The day after I posted this a friend of mine called and said that a charter school that I was interested in (but it was too late to enroll in) had some openings left. I went and toured the school and talked to the principal yesterday. It's very small with small classes and the Kindergarten looked like fun, not structured. I enrolled the girls.

I am really struggling with this, because it is something I never thought I would do. I really believe in unschooling/ homeschooling and I feel like a failure. If I think about it too much the guilt is overwhelming. I felt like whatever was holding me back from getting things together around here was negatively affecting the girls. I don't know if it's the pregnancy or my toddler or what, but I just couldn't seem to catch up. Plus, the girls were begging to go to school everyday. Also, I didn't feel pressured to teach them "academics" but they were getting interested in reading and writing and asking how to write this and what does this say kind of stuff. I hadn't expected them to show an interest until much later, but felt like I should meet their needs if they wanted to know.

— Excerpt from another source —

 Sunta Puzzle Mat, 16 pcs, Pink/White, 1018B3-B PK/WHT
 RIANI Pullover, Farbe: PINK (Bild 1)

So we are going to try the school for a week and see how it goes. If the girls are not ready then I will just have to pull myself up by the bootstraps a little earlier. I did not like the 1st grade at the school (too much structure) so my plan is to have things caught up by next school year, and be ready to homeschool.

I hope that noone thinks that their advice wasn't appreciated, because it really is, and I'm going to need it for next year or if the girls find that they don't like school.